Emma set off the same way she would do on every other occasion: talking nineteen-to-the-dozen, making up lies about her boyfriends, my boyfriends, everything. She’d describe the men we knew, but give them different names. She couldn’t stop herself showing off. She never let on about what was actually going on, but talk about the sex she’d have with them like it was the best ever. ‘I love shagging Pakis,’ she said that first time. ‘They’ve got bigger dicks.’

Looking back, Jane must have seen a few girls like Emma in her time. She’d heard it all, I suppose, and wasn’t easily shocked. All she could do was to listen to all the girls she saw, to reach out to them, to try to ‘save’ as many of them as she could.

Chapter Ten

A New Master

The local police do their video interviews in a specialist police suite in Manchester.

I did my first one there within twenty-four hours of my arrest at the Balti House, but they had to abandon it. They’d run out of time, they said; the room was needed for someone else.

My rescheduled video interview was held on 15 August. Thankfully, Emma was asleep as I crept away from Harry’s house and back home, so Dad could get me to the station by 10 a.m.

We drove into the city in silence, but as we walked in towards the interview suite Dad took my hand and squeezed it. I responded with the faintest of smiles.

I certainly didn’t look like a girl who was being abused, but then, I suppose I wouldn’t. I’d gone along in the same sort of clothes any other local teenager might have worn at that time: a light grey tracksuit and black T-shirt, my hair pulled to one side, my favourite, huge, heart-shaped earrings swinging every time I moved my head.

The interview was carried out by a detective constable from the local CID called John with a colleague, Tim, in the monitoring room checking the recording equipment that would capture my words of evidence. My dad was in the waiting room.

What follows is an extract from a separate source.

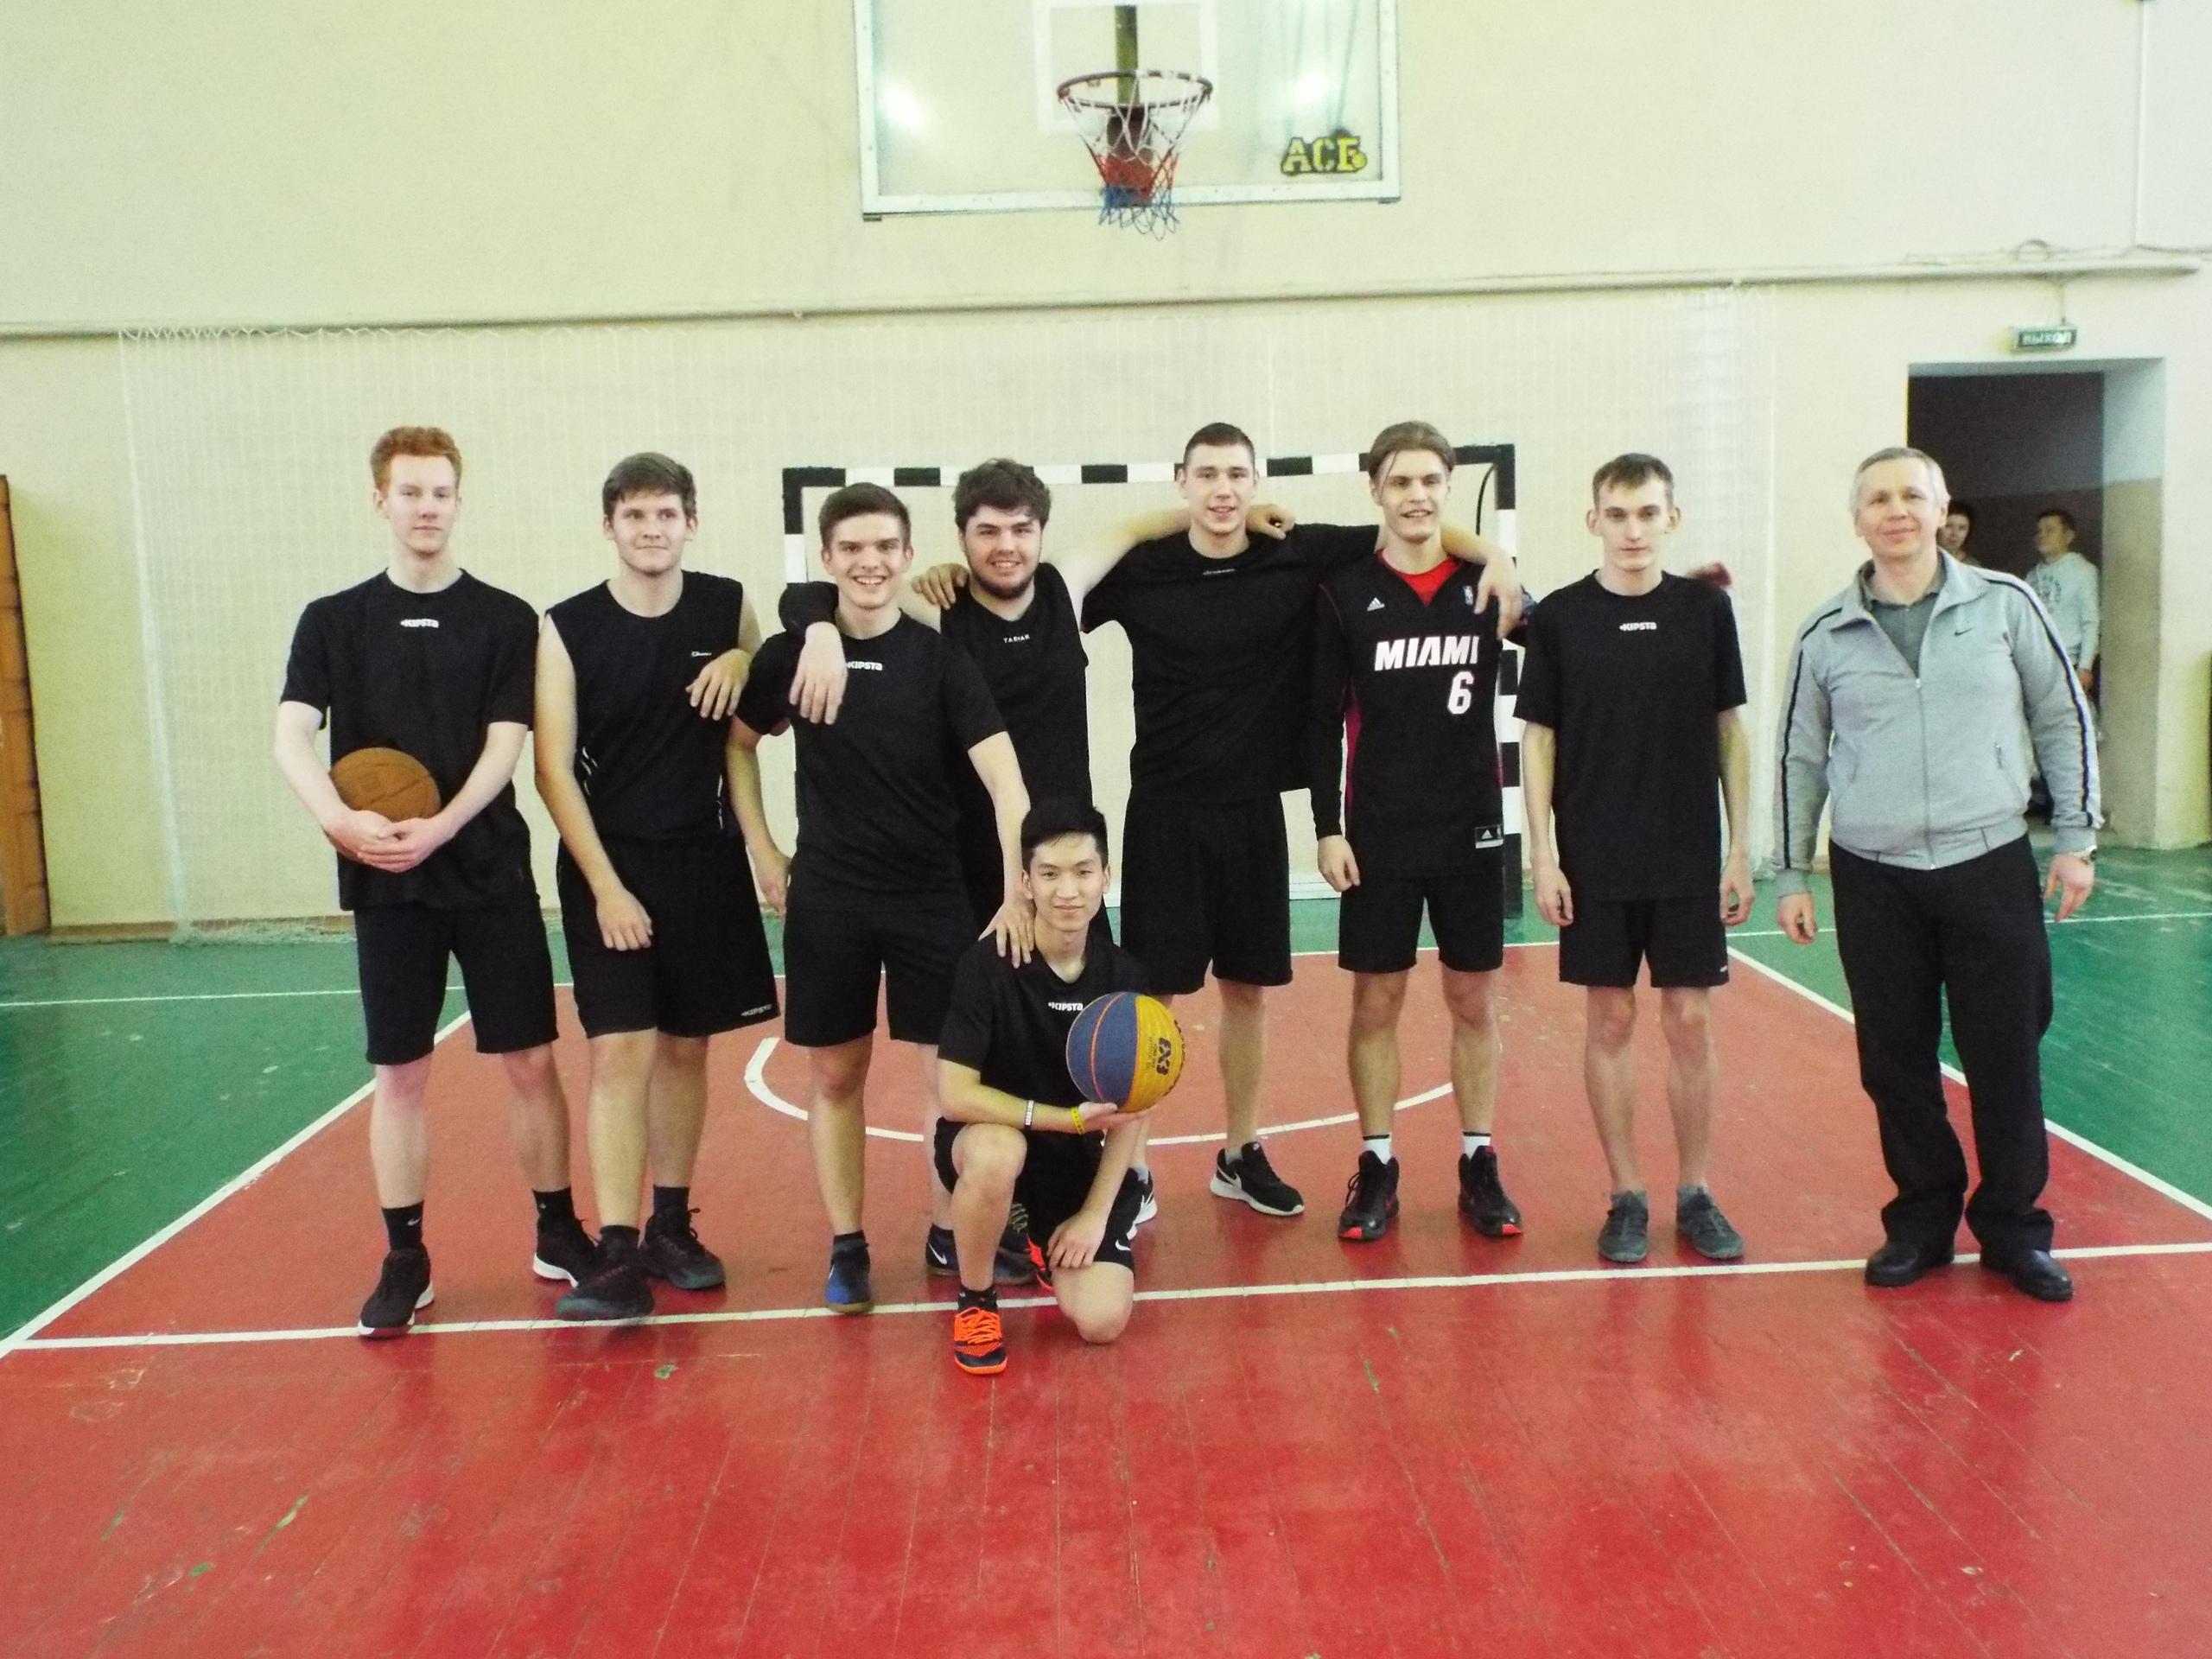 Открытый Чемпионат по баскетболу среди мужских команд

As I say, it was a specialist unit. The room itself was bare but for two cream sofas and a round table. John sat on one of the sofas; I was on the other. One camera recorded the whole of the room, the other just me.

I started fidgeting pretty much straight away. I was nervous – understandably, I reckon, given what I’d told them, and what I thought they’d be thinking about me.

John asked about Daddy, and then moved on to Immy. How had I become his ‘treat’, he wondered.

I went through the story once, and the detective, pen in hand, a pad resting on his knee, went through it for a second time. Slowly.

‘Why go upstairs?’ he asked.

‘Daddy kept telling me he’d given me a treat, so I’d got to give his nephew a treat. He said, “We’ll just go upstairs and chill for a bit.”’

‘Why not just leave?’

‘I don’t know.’

I was looking down, desperate to avoid the camera and its inquisitive gaze. ‘We could have walked out of the front, but the customers and everything were there.’